Death Panels. The euthanasia steamroller that last year engulfed our state for California will end in its logical conclusion: infanticide and eugenics. The Church should be unequivocal in its support of Saint John Paul’s culture of death and culture of life. But it is not because our leaders promote Cultural Marxism, the same societal policies brought to you by the Bolshevik Revolution.
A very insightful text and video on what the current Culture War in the Catholic Church means is found here:
https://voiceofthefamily.com/dr-anca-maria-cernea-cultural-marxism-a-threat-to-the-family/
You’d better believe it’s a culture war! The U.S. bishops are out to lunch, too.
But yesterday Evangelical Christians issued a respectable, admirable “Nashville Statement” expressing how authentic Christians should respond to the culture war concerning marriage, sex and gender. Some Evangelicals are more Catholic than some Catholics, including priests and bishops.

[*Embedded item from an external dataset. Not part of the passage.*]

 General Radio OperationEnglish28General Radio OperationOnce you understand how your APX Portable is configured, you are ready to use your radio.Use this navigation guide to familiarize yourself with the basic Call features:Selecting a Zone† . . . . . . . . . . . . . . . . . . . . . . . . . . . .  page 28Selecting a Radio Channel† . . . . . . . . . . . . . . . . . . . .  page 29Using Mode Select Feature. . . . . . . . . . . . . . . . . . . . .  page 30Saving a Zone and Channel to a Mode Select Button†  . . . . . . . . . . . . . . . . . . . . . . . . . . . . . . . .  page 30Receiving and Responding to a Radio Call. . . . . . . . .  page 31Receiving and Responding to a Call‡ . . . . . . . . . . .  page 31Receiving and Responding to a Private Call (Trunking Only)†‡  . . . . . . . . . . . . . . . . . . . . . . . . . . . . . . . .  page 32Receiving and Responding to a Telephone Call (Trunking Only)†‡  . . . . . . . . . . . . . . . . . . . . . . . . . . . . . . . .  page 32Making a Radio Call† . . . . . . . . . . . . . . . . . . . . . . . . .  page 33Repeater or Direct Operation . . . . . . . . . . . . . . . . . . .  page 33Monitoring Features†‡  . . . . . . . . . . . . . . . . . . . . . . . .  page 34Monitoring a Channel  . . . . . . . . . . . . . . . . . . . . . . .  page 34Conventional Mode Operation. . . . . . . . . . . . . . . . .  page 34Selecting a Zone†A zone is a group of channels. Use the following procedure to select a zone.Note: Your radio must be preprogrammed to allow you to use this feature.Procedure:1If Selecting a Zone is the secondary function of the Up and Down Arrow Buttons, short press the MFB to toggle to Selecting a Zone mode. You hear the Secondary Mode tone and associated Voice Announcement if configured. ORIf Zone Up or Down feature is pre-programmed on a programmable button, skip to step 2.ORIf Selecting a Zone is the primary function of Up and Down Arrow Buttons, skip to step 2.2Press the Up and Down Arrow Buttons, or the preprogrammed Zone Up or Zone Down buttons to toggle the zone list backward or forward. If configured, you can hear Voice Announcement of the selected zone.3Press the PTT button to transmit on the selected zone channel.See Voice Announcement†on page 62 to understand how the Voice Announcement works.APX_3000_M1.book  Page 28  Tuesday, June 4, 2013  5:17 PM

Speaking of which, Fr. James Martin, S.J. today issued tweets in response to the Nashville Statement that show his ignorance and his lack of commitment to the teachings of Christ and to Catholic faith. Deplorable!
It is Time that Our Bishops speak out and strongly denounce the Violent Evil that is Destroying the Nation that gave Them and Us Religious Freedom:
OPINION | The real threat to our republic is the Orwellian Antifa
https://thehill.com/blogs/pundits-blog/the-administration/348137-the-real-threat-to-our-republic-is-the-orwellian-antifa?
Over the past few months, we have finally entered the fully realized historical revisionism promised in George Orwell’s “1984,” in which the motto, “Who controls the present controls the past. Who controls the past controls the future,” was central to shaping the book’s dystopian world
there is only one group that seeks to systematically and violently achieve its goals here in the United States on a…
https://thehill.com/blogs/pundits-blog/the-administration/348137-the-real-threat-to-our-republic-is-the-orwellian-antifa?
– there is only one group that seeks to systematically and violently achieve its goals here in the United States on a broad scale: the so-called “anti-fascist” movement, now commonly called “Antifa.” And the goal? It’s not “anti-fascist” or “anti-racist” as they attempt to portray themselves. It’s the systematic elimination of free speech, free assembly, and free thought via any means necessary, including violent protest, the media and Orwellian revisionism.